On a workstation (AMD Threadripper 3960X /AsRock TRX40 Creator motherboard/256GB 3000MHz RAM) using Win10x64, aerial imagery (Kranenburg and others 2021a; 2021b) and associated positional data and a single ground control point (Brown and others, 2019) were brought into an Agisoft Metashape Pro (v. 1.6.5) project to align in a 4D manner (see Sherwood and others, 2019). Only one ground control point, GCP 34, was used as a control point to help 'lock' in the camera positions, whereas the rest of the points were used as independent vertical check points (that is, they were not placed in Metashape). See Kranenburg and others, 2021, for Metashape Reference Settings inputs. The additional imagery improves the horizontal and vertical accuracy, but similar products can be reproduced without them. The following steps were performed on the Metashape project in the geographic coordinate system NAD83(2011) in ellipsoid height following the general guidance of Over and others (2021):
1. Separate camera models and camera groups were created for each flight date aligned in 4D. Note that multiple imagery datasets are used in the overall processing effort to produce the end individual survey products that this metadata file covers.
2. Imagery (with positions) are aligned in 4D to create a point cloud using a 'High' alignment setting, keypoint limit of 70,000, tiepoint limit of 0, generic preselection selected, and reference preselection via source selected. The tiepoint accuracy was set to 1 pixel.
3. The resultant point cloud was filtered using one iteration of the 'Reconstruction uncertainty' filter at a level of 10, one iteration of the 'Projection accuracy' filter at a level of 3, and two iterations of the 'Reprojection accuracy' filer at a level of 0.3 (in the second iteration the 'fit additional corrections' option was turned on). With each filter, iteration points are selected, deleted, and then the camera model is optimized to refine the focal length, cx, cy, k1, k2, k3, p1, and p2 camera model coefficients.

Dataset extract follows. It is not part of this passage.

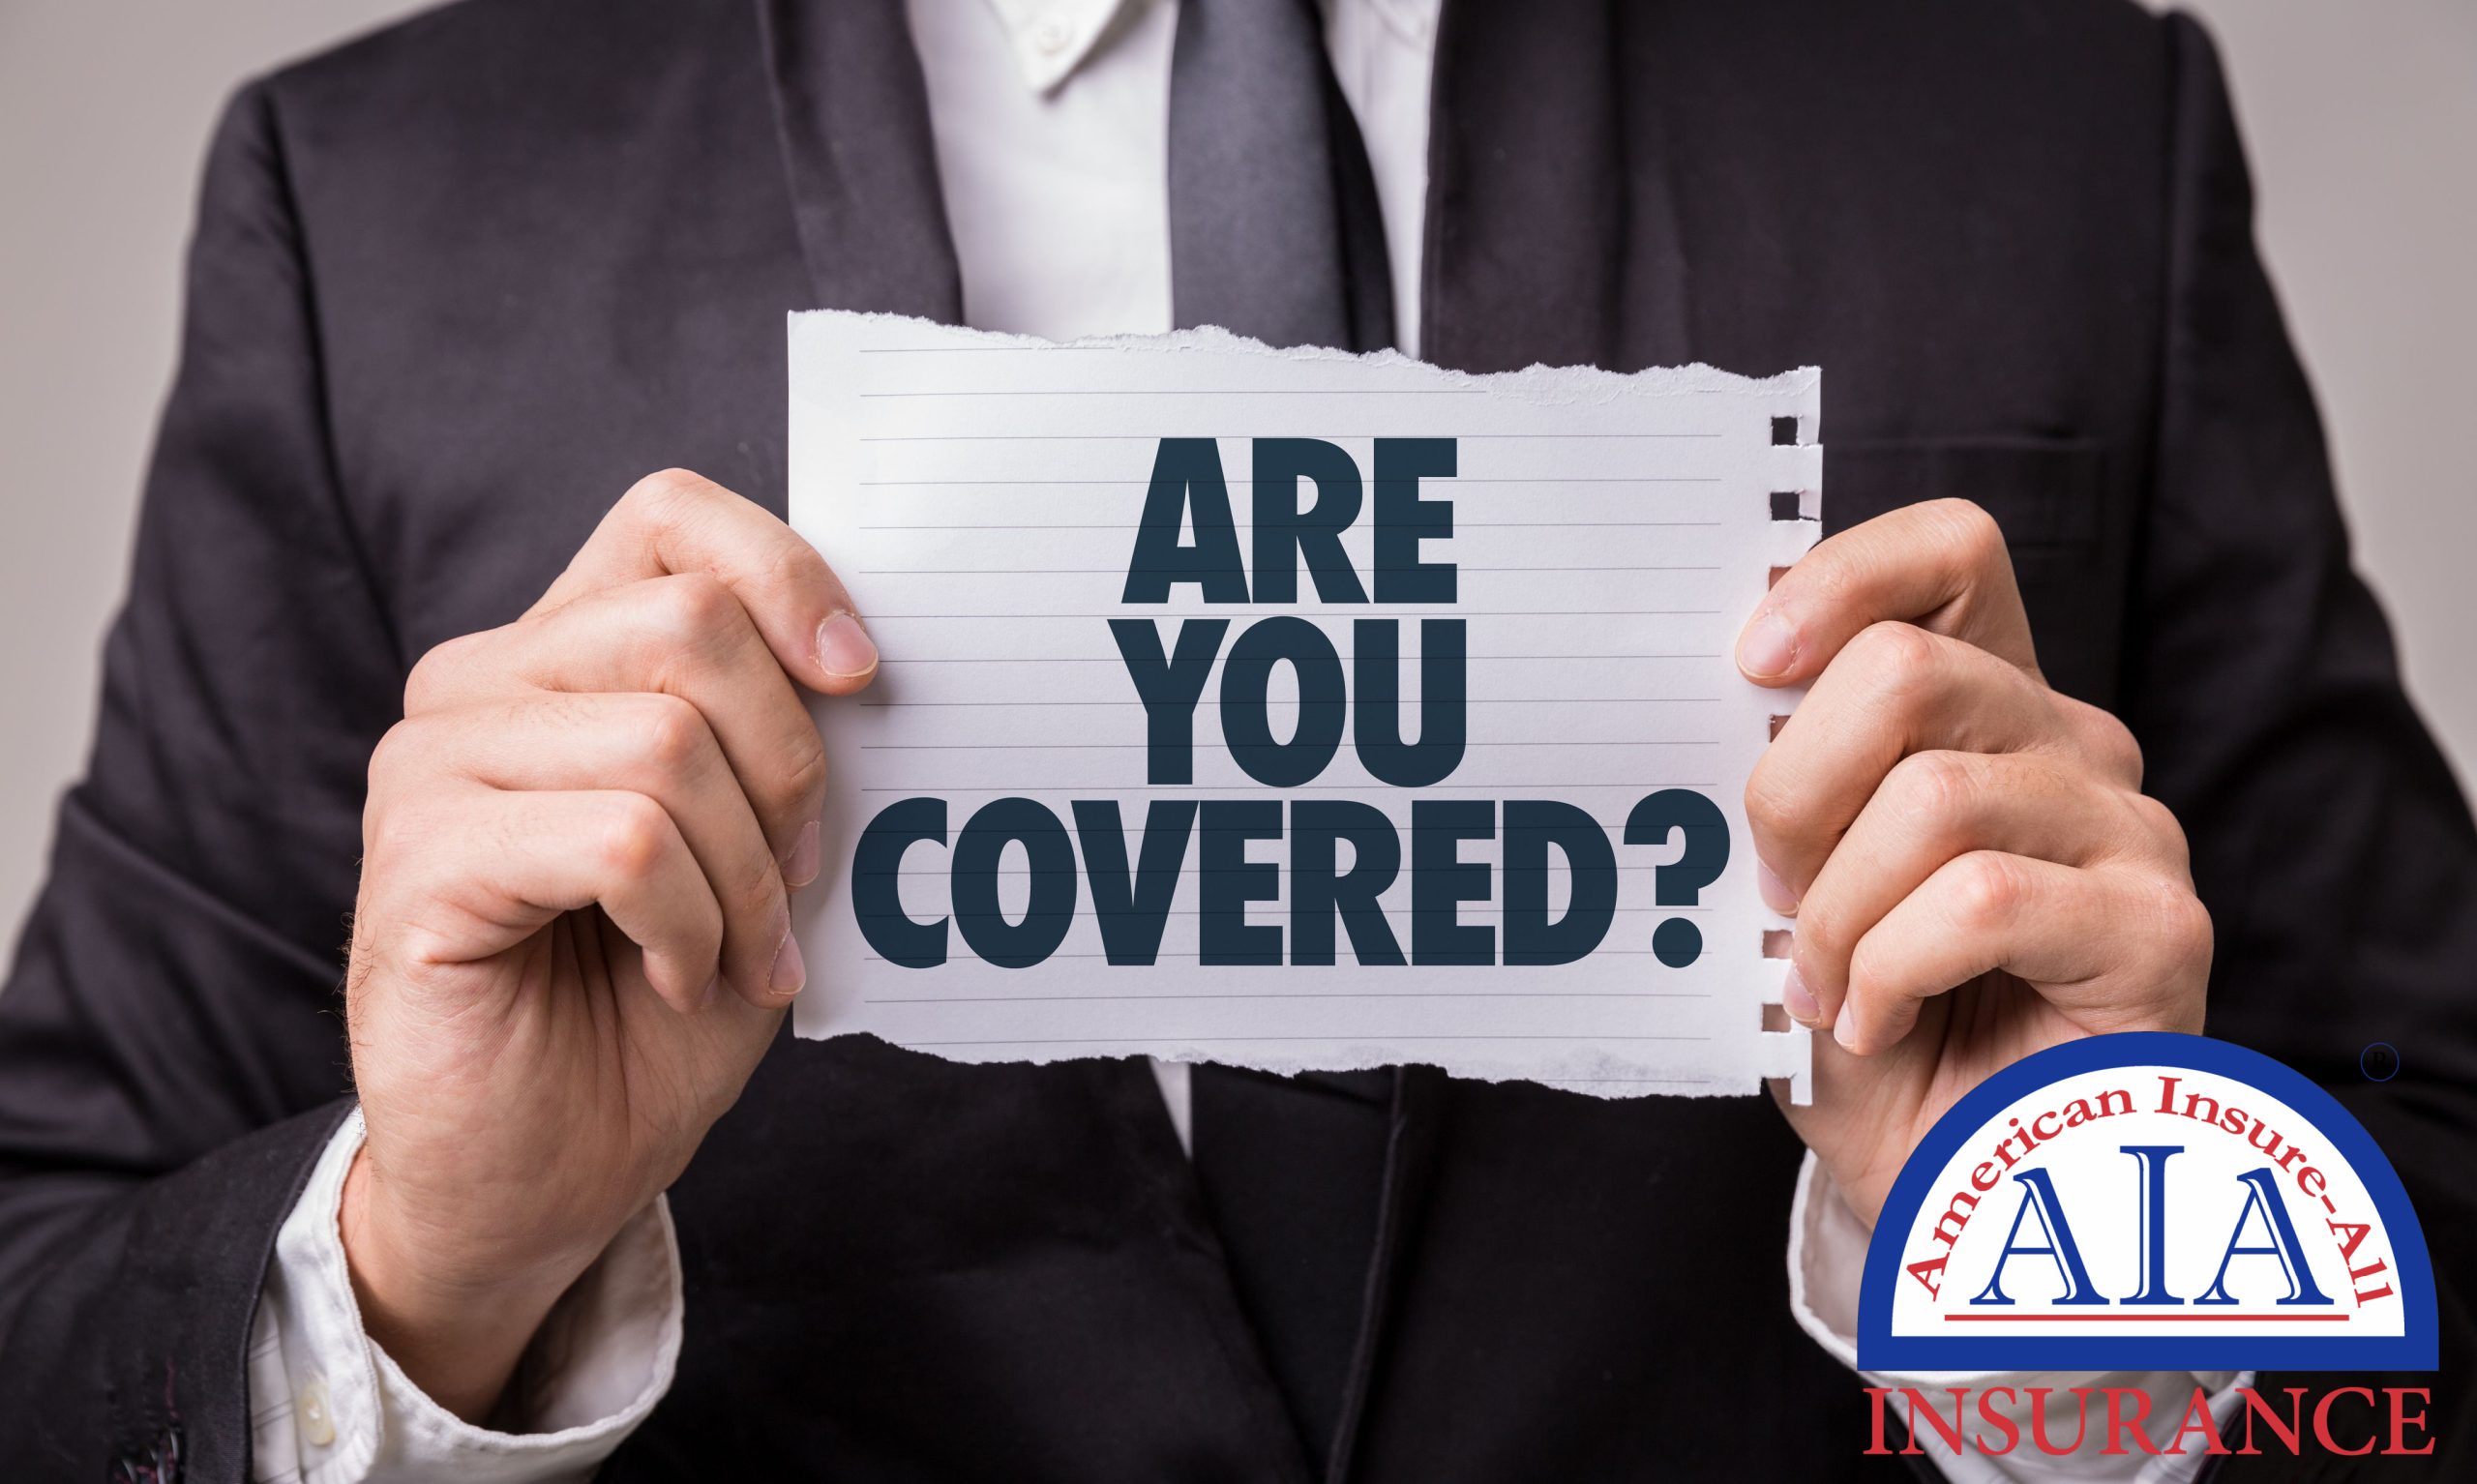 American Insure-All®: Your Go-To Place for Business Liability Insurance in Renton!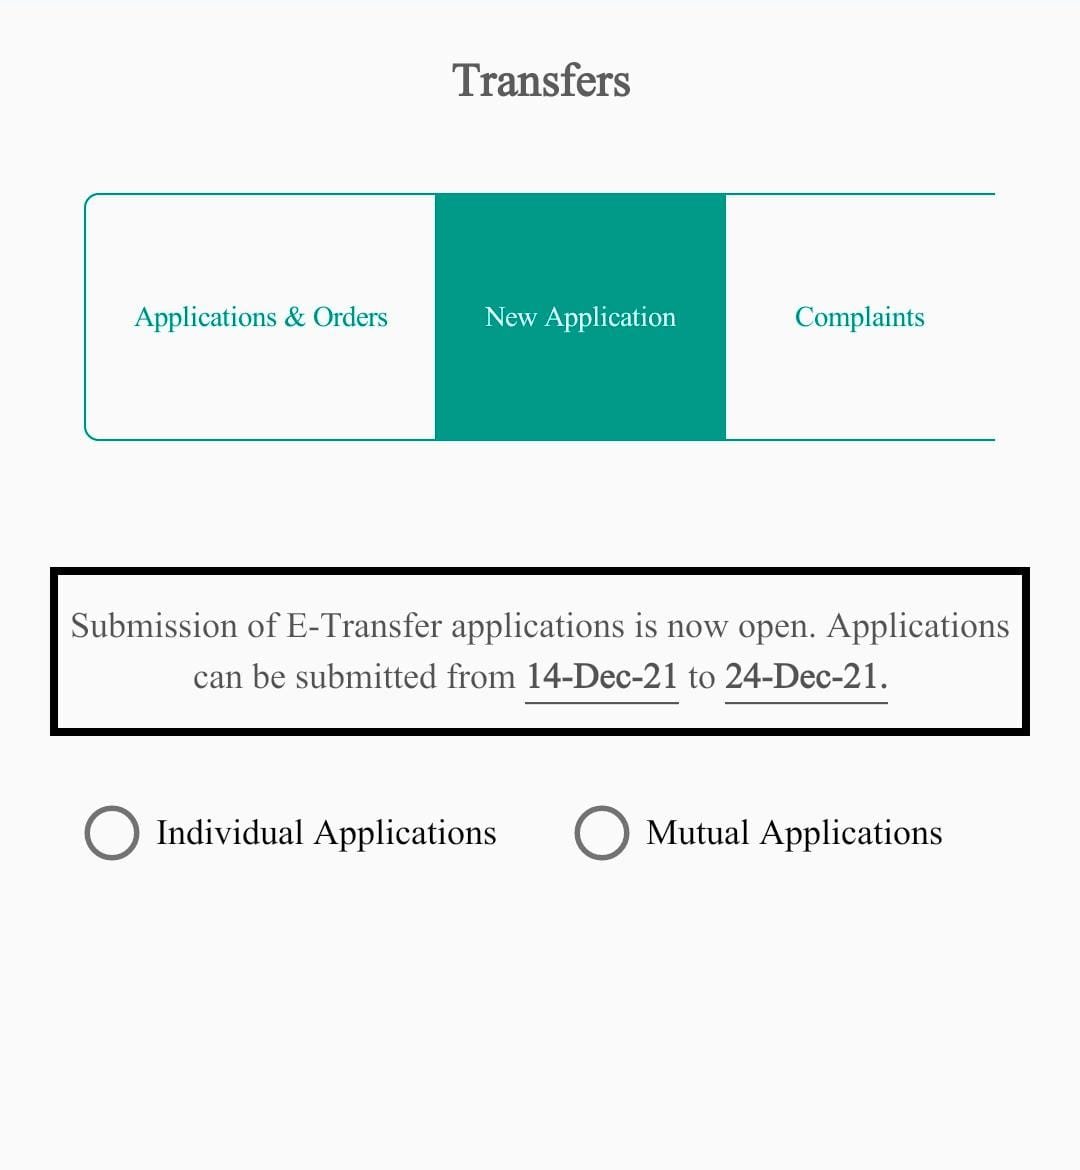 Submission of E-Transfer applications is now open till 24-12-2021

4. Natural breaks in the final alignment product were identified based on bodies of water or the extreme northern and southern ends of a flight (see Product_Boundary_Map.jpg at
https://doi.org/10.5066/P9K3TWY7). The breaks and dates of imagery in the 4D process are used for ease and speed of processing. The boundaries used for the pre-Hurricane Dorian dataset are the Virginia-North Carolina border vicinity to Oregon Inlet, Oregon Inlet to Hatteras Inlet, Hatteras Inlet to Ocracoke Inlet, Ocracoke Inlet to Ophelia Inlet, and Ophelia Inlet to Beaufort Inlet.
For each region, sub-chunks were created for each mission (one or two flight-days, usually adjacent) by iteratively copying the original 4D chunk and removing all camera groups not part of a single mission. Note that this particular metadata file only covers the pre-Hurricane Dorian dataset collected from 2019-08-30 to 2019-09-02.
Processing took place starting in June 2021 and into February 2022, the latest processing in YYYYMM is given.